Description of included patients with BSI due to S. maltophilia
Within the study period, a total of 1091 ICU patients with S. maltophilia BSI were identified and a total of 214 were included for analyses. A flowchart for the study is shown in Fig. 1. The characteristics of the ICU patients with BSI by S. maltophilia are shown in Table 1. The patient population was predominantly male (65.4%), with a median age of 74 years (IQR 57–83). The major reason for admission was infection (51.9%). Prolonged hospital stay and ICU stay before BSI were noted with a median of 24 days (IQR 15–38) and 15.5 days (IQR 9–24), respectively. Composite comorbidities at admission and severity at the BSI onset are illustrated by the CCI being 3 (IQR 2–6) and the APACHE score being 22 (IQR 18–28). The most common source of BSI was from respiratory tract (55.6%), followed by infection of primary origin (34.1%). The 14-day and in-hospital mortality of the included patients with BSI were 24.3% and 52.3%, respectively.
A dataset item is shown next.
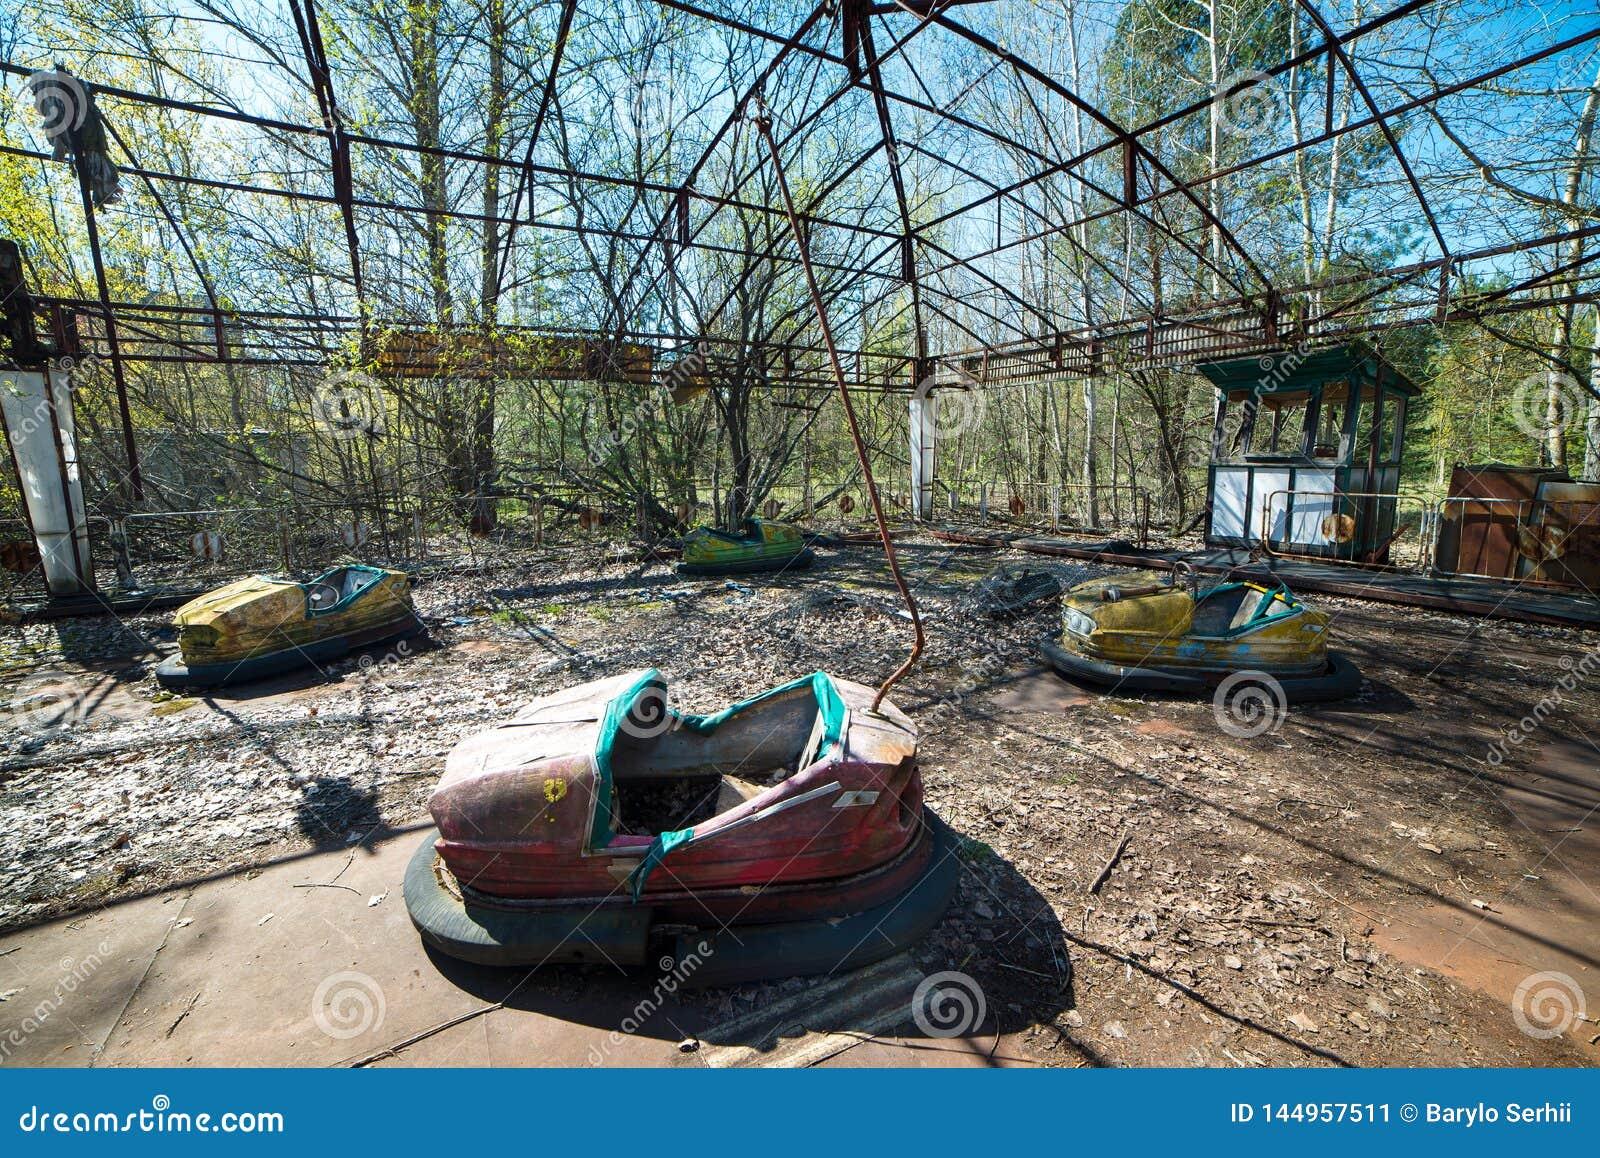 Abandoned Amusement Park In Pripyat Chernobyl Alienation Zone Stock Image Image Of Catastrophe Destruction 144957511
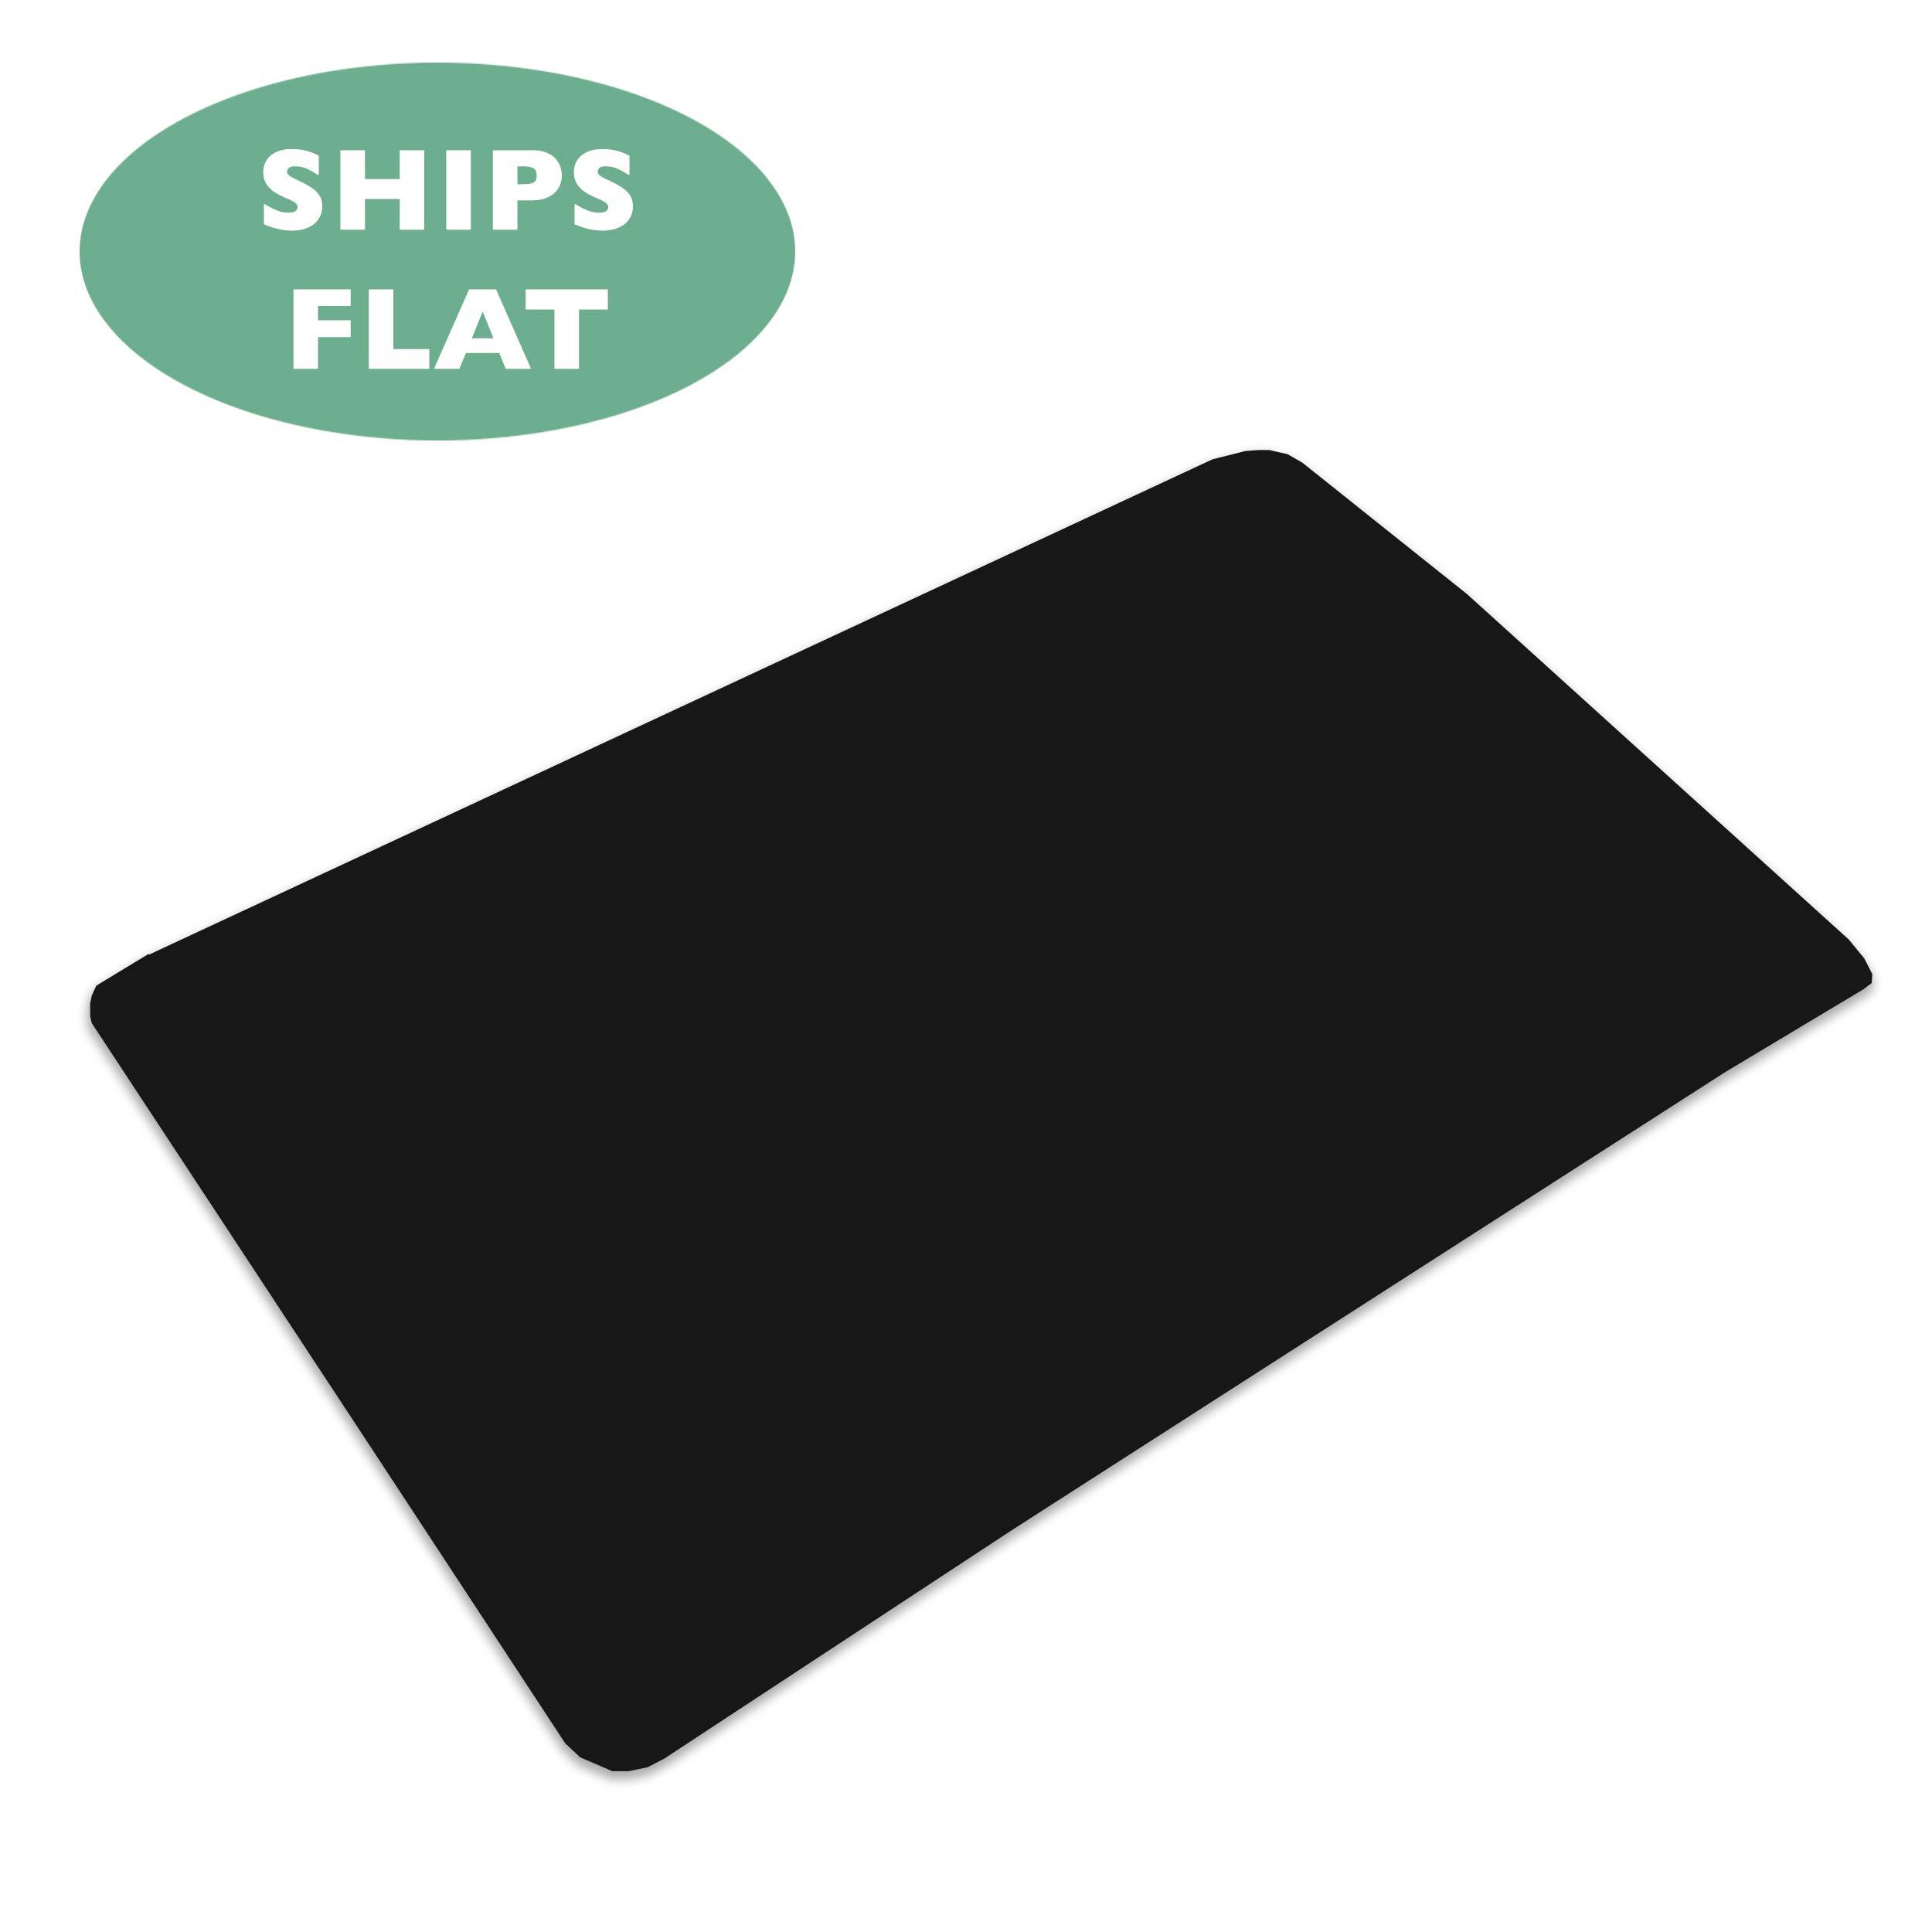 Office Chair Mat for Hard Floors 36 x 48 - Black Hardwood Mat for Desk Chairs - Ships Flat

The median hospital stay after BSI was 25.5 days (IQR 14–52).
Table 1
Characteristics of ICU patients with BSI by S. maltophilia
Variable | Total (n = 214) |
Demographics | |
Age, years, median (IQR) | 74 (57–83) |
Male, n (%) | 140 (65.4) |
Comorbidities, n (%) | |
Heart failure | 44 (20.6) |
Old cerebrovascular accident | 42 (19.6) |
Chronic obstructive pulmonary disease | 32 (15.0) |
Connective tissue disease | 8 (3.7) |
Diabetes mellitus | 78 (36.4) |
Liver cirrhosis | 17 (7.9) |
Chronic kidney disease | 39 (18.2) |
Charlson Comorbidity Index, median (IQR) | 3 (2–6) |
Setting from which patient was admitted to ICU, n (%) | |
Other hospital | 17 (7.9) |
Ward | 100 (46.7) |
Emergency department | 97 (45.3) |
Hospital stay before BSI onset, days, median (IQR) | 24 (15–38) |
ICU stay before BSI onset, days, median (IQR) | 15.5 (9–24) |
Reason for ICU admission, n (%) | |
Infection | 111 (51.9) |
Respiratory failure | 10 (4.8) |
Cardiovascular disease | 33 (15.4) |
Postoperative monitoring | 25 (11.7) |
Gastrointestinal bleeding | 9 (4.2) |
Cerebrovascular accident | 14 (6.5) |
Trauma | 7 (3.3) |
Others | 5 (2.3) |
Table 1
Characteristics of ICU patients with BSI by S. maltophilia (continued)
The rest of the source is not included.